"Learning to Speak" displays Gay's tendency to treat the intersections between life and death both as daily occurrences and as poignant occasions of pathos:
you know we are at every turn - laundromat, subway,
courtroom, ball game - shoulder to shoulder
face to face with someone who didn't
shoot the dog or burn the kid,
who didn't fist his rage across someone's face -
at every turn we are in the midst of these small
lanterns lighting a road away
Gay's poems are "small lanterns" of "lighting" and more.
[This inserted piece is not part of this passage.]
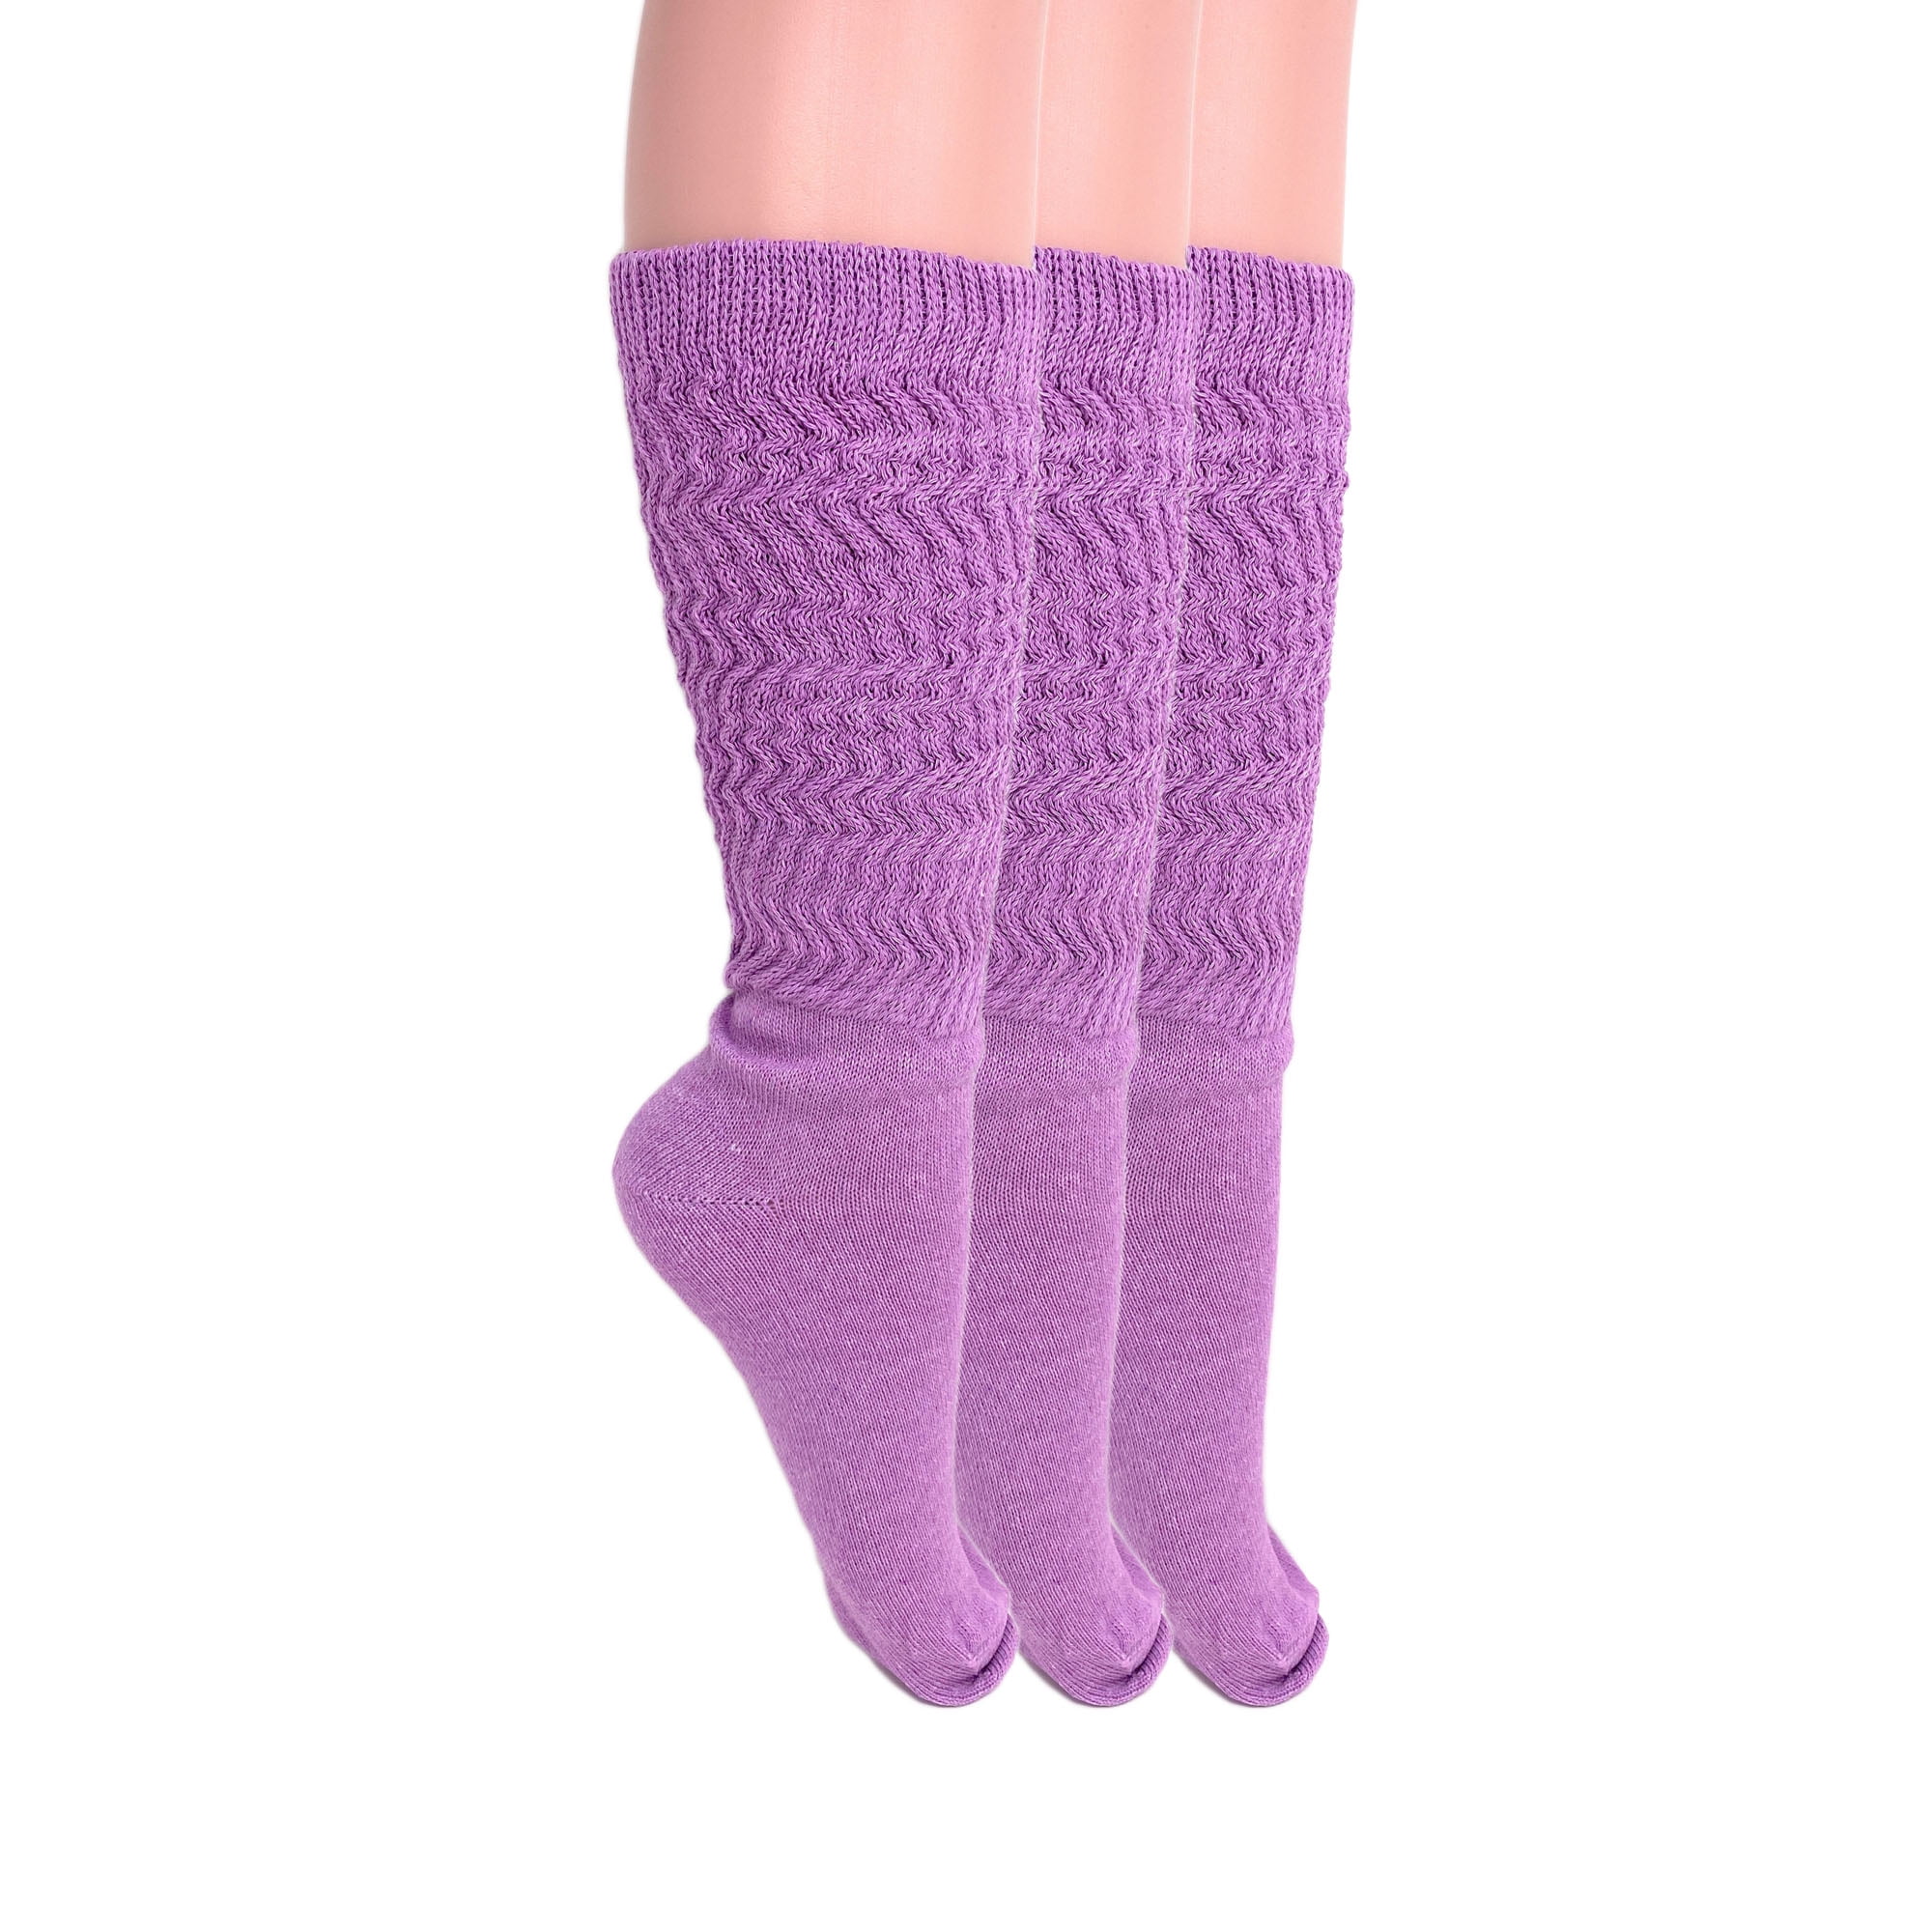 JYYYBF Women's Cable Knit Knee-High Winter Boot Socks Over Knee

Gay's prose poems are impressive. According to Charles Simic, the prose poem "is the result of two contradictory impulses, prose and poetry, and therefore cannot exist, but it does." Simic's formulation is useful in engaging the complicated currents that run through Gay's work. Eight prose poems are titled "The Syndromes." As the title indicates, all are written in the nomenclature of doctors and diagnosis, medical definition. Some include: Cartographer's Syndrome, Undertaker's Syndrome, and one is called "Raining or Washing." Perhaps the most revealing of the series is "The Syndromes: Doubling":
. . . the layered and concurrent seeing of two discrete versions of a given object or person: the man's briefcase is also an intricately woven shawl of bones; the sleeping child's face is also crawling with ants; a flagpole is also a gallows. In the most acute presentation, one's hands are also one's hands.
Through direct engagement of contradictory impulses he examines culture, himself, and even his own poetic materials. Of course it's satisfying how familiar objects such as a man's briefcase or a flagpole can give way to the unexpected, but Gay does not stop there.